_SUPPLIED RECORDS_:
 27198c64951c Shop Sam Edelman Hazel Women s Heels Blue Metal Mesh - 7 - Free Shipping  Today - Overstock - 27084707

==

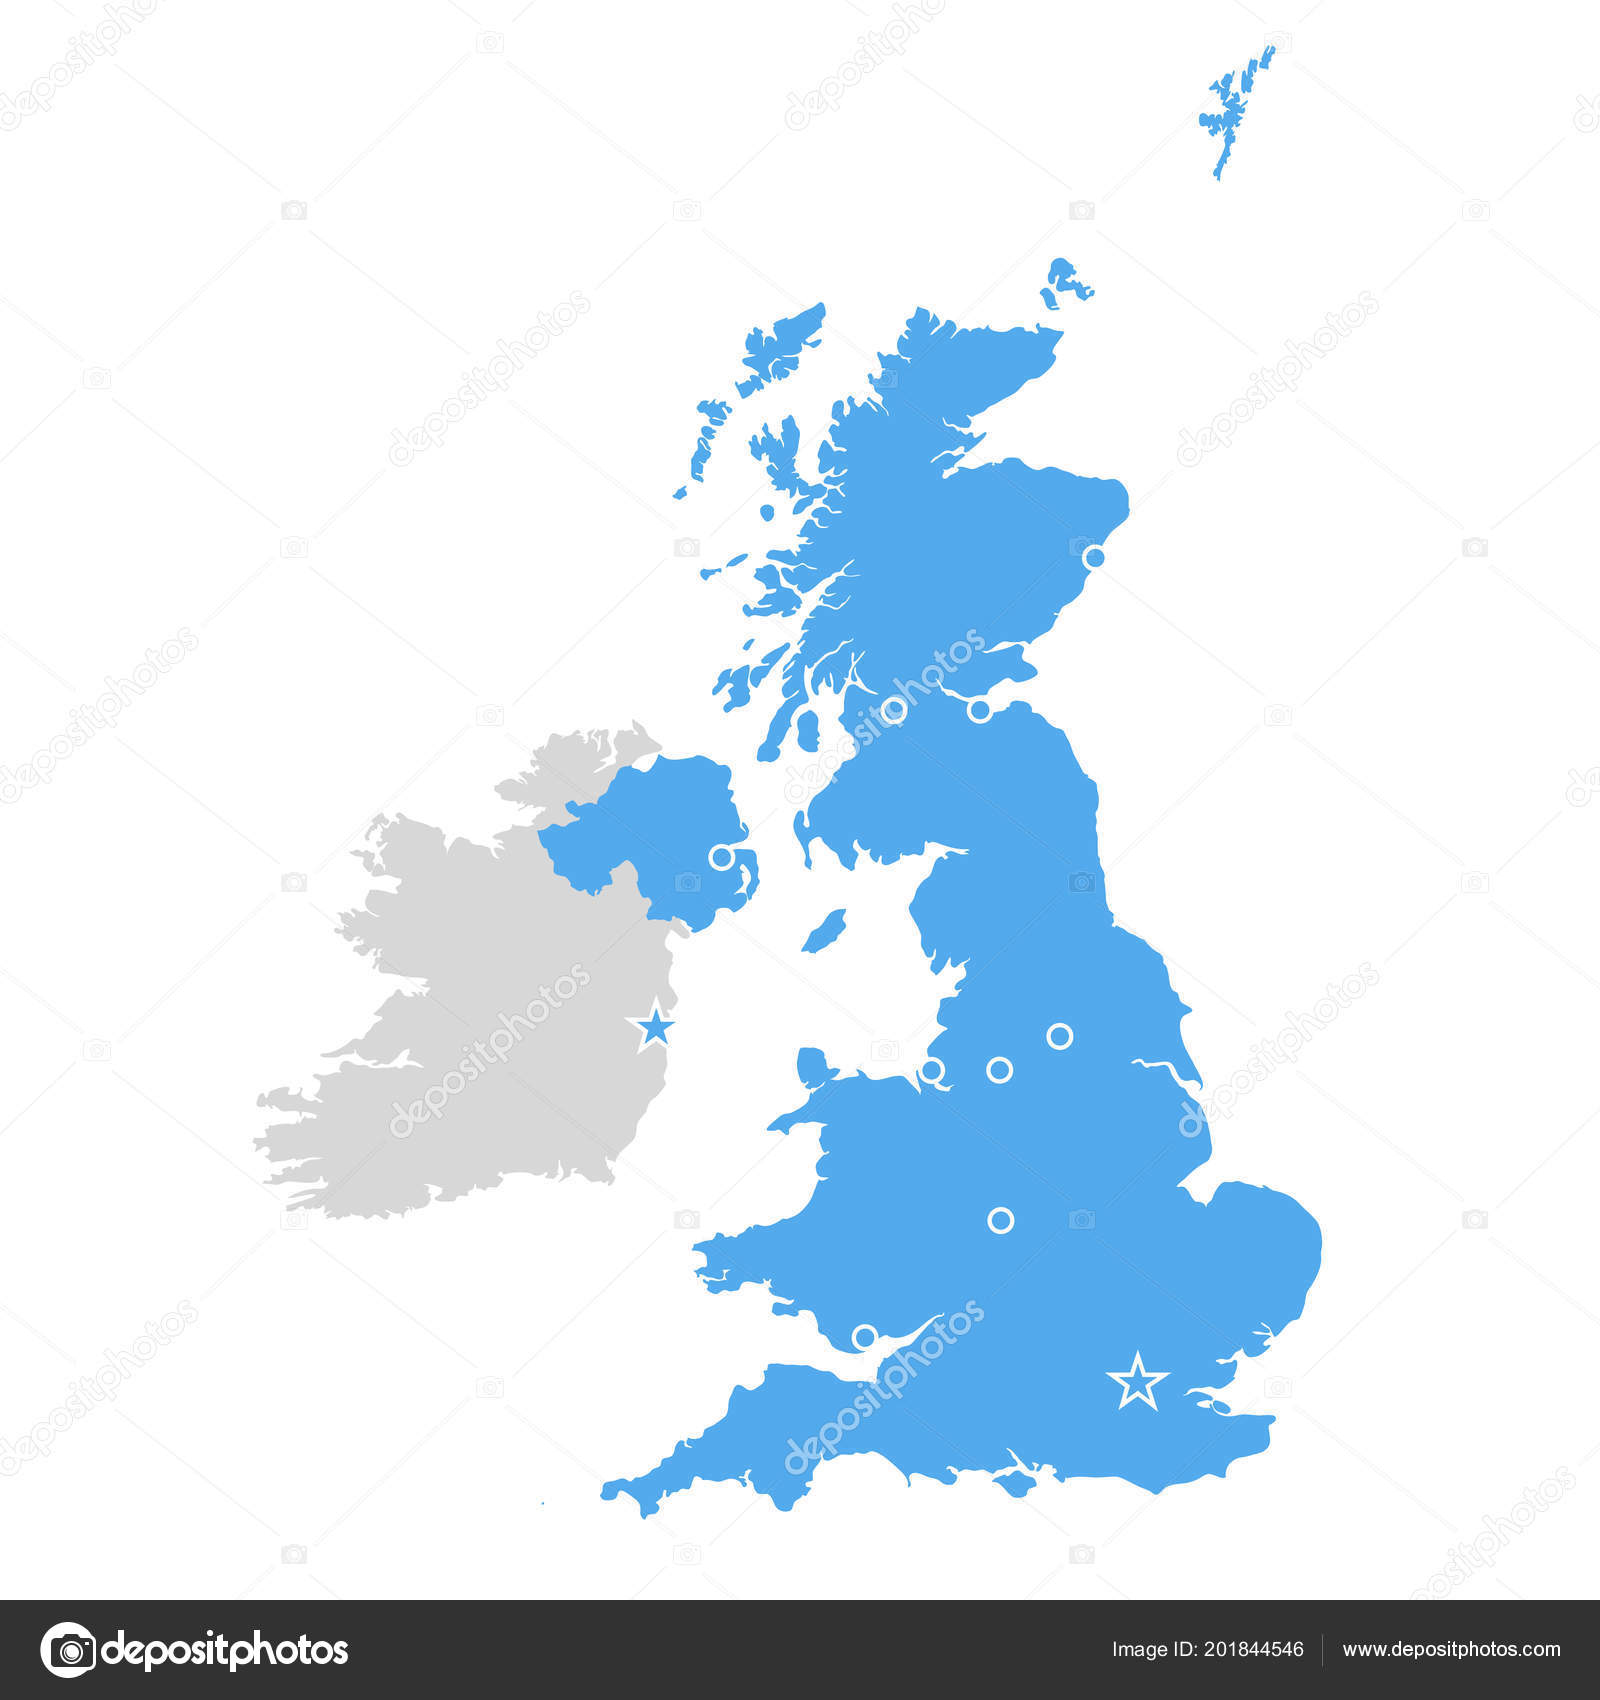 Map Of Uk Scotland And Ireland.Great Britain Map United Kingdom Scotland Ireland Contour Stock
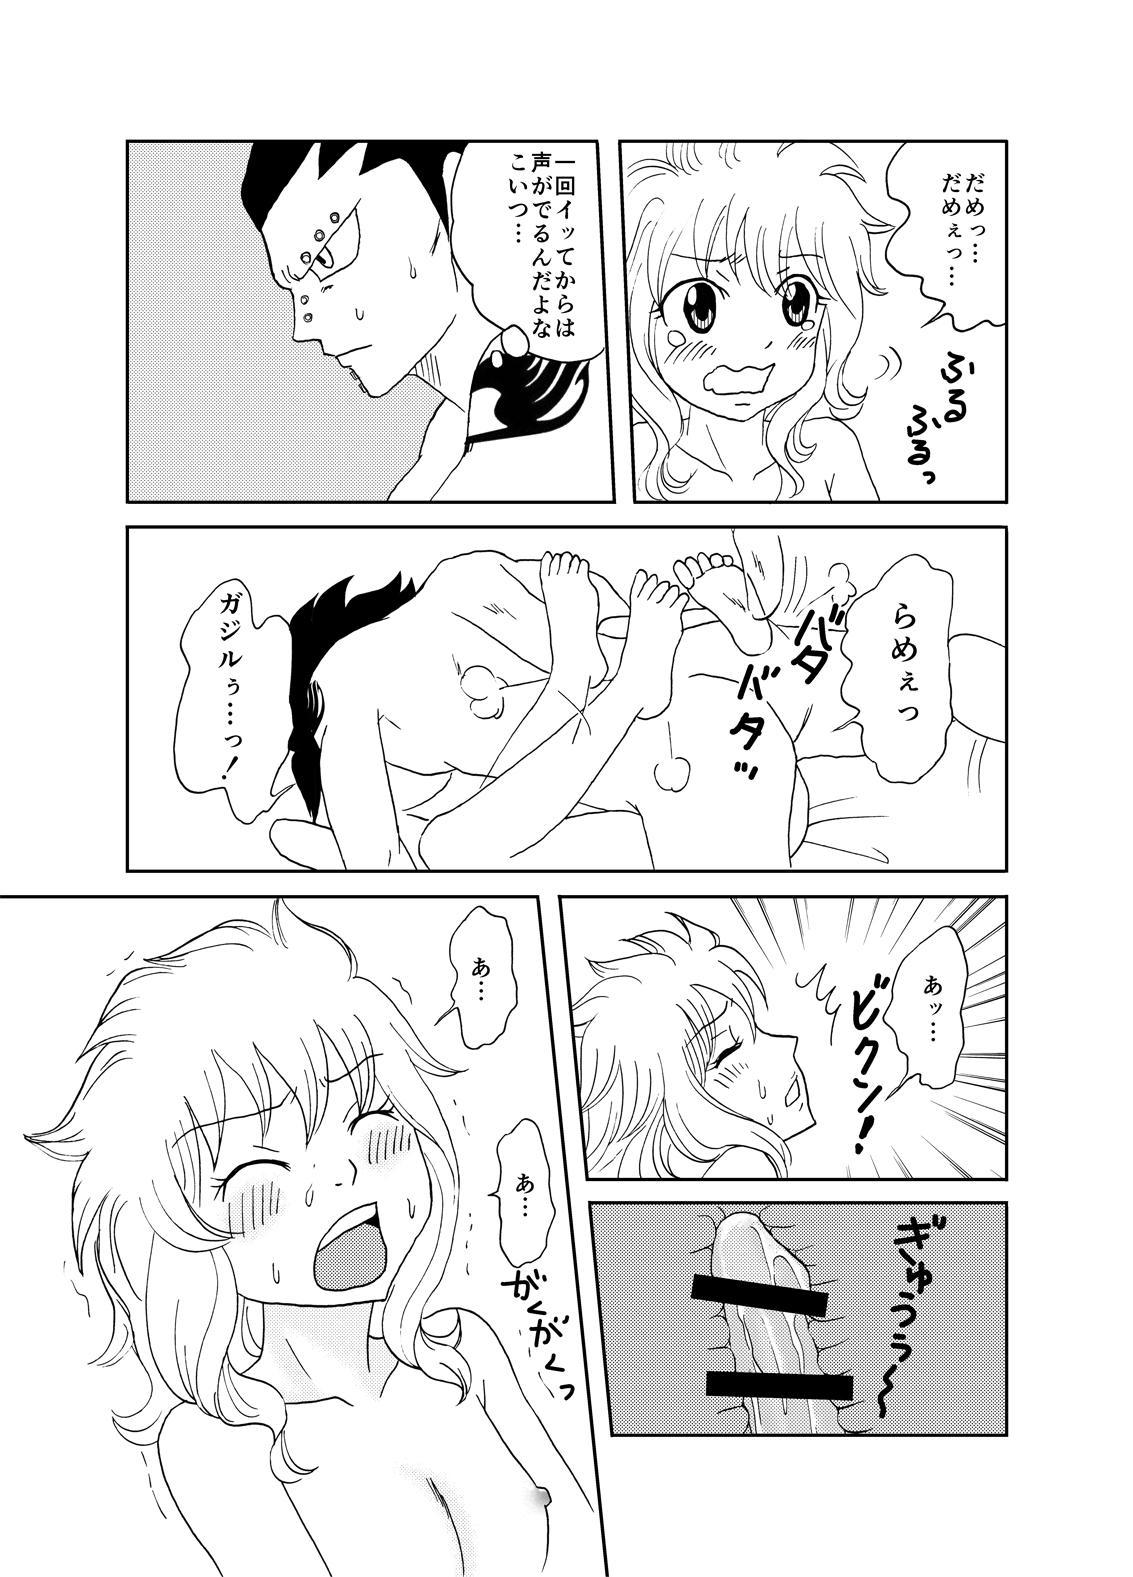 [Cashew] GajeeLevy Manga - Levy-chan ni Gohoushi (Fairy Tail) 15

==

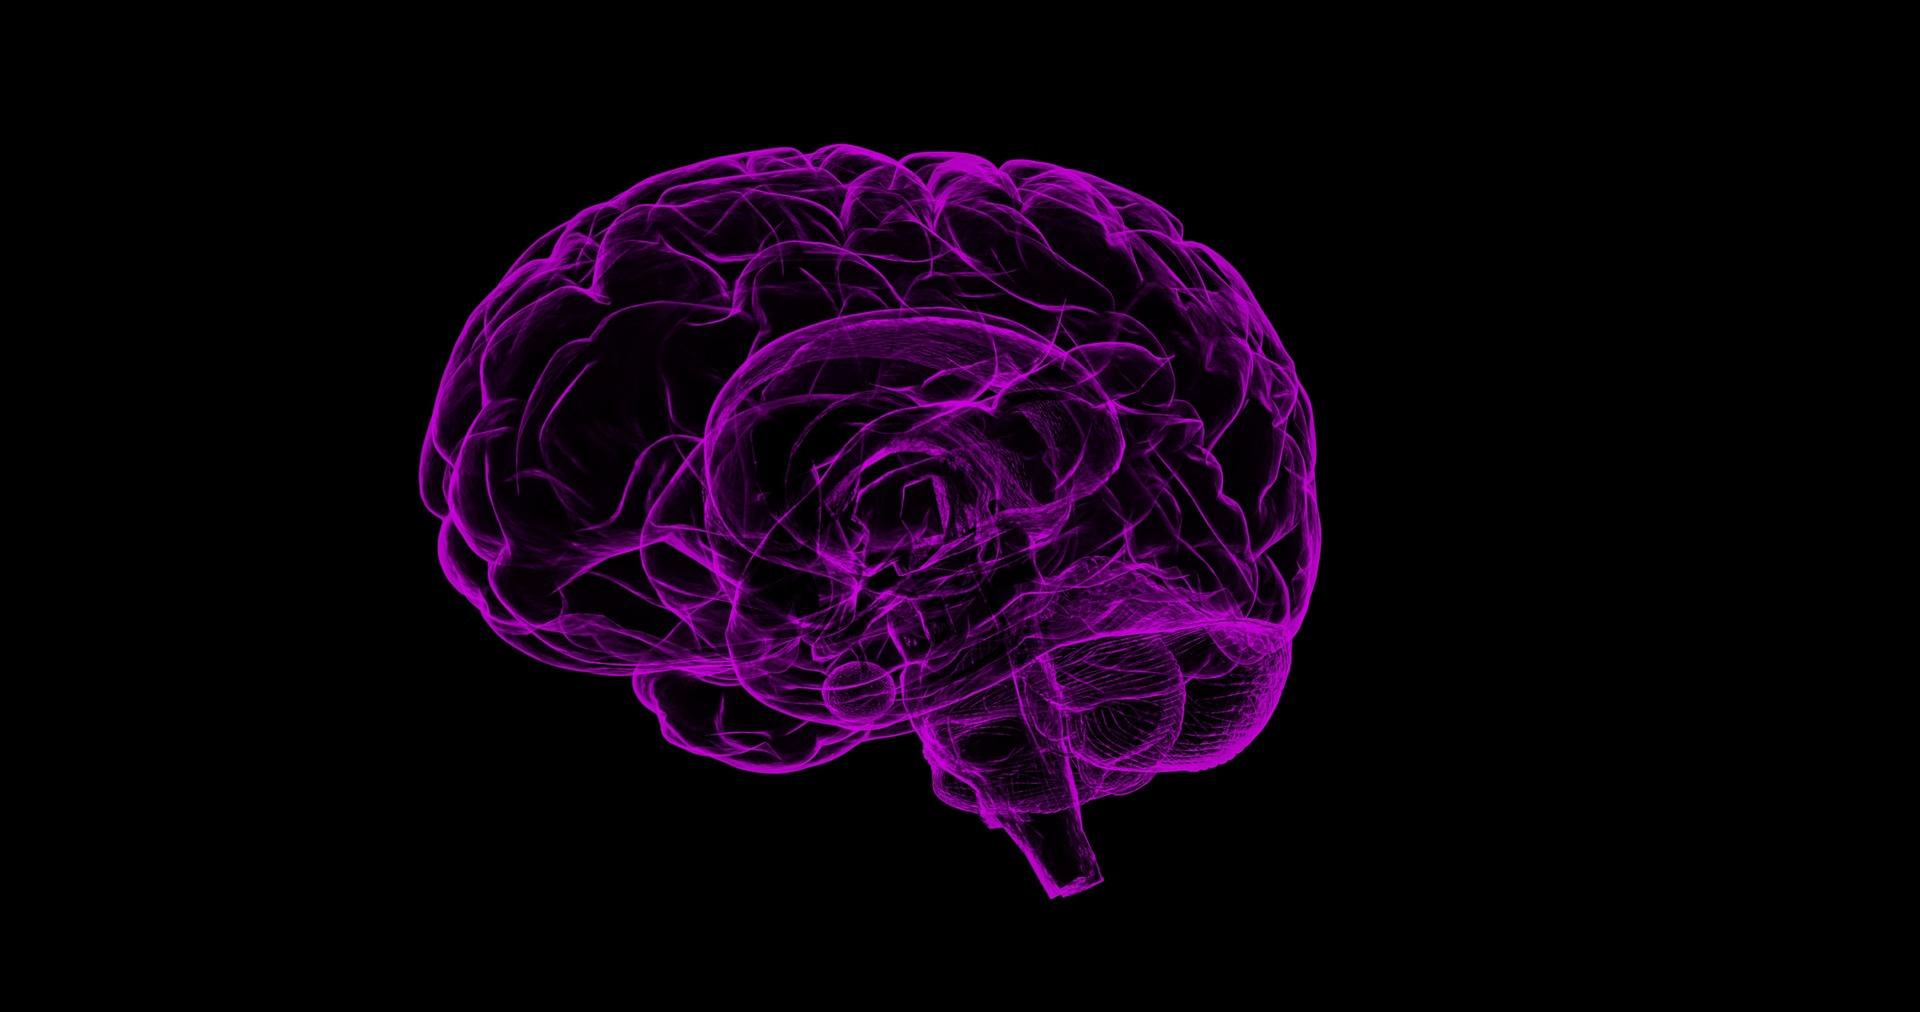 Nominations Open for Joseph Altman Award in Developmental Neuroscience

_EXERCISE_:
Take the lines above starting at the one containing "Map Of Uk Scotland" and ending at the one containing "[Cashew] GajeeLevy Manga", and print them again exactly, without pictures.

_ANSWER BOX_:
 Map Of Uk Scotland And Ireland.Great Britain Map United Kingdom Scotland Ireland Contour Stock
 [Cashew] GajeeLevy Manga - Levy-chan ni Gohoushi (Fairy Tail) 15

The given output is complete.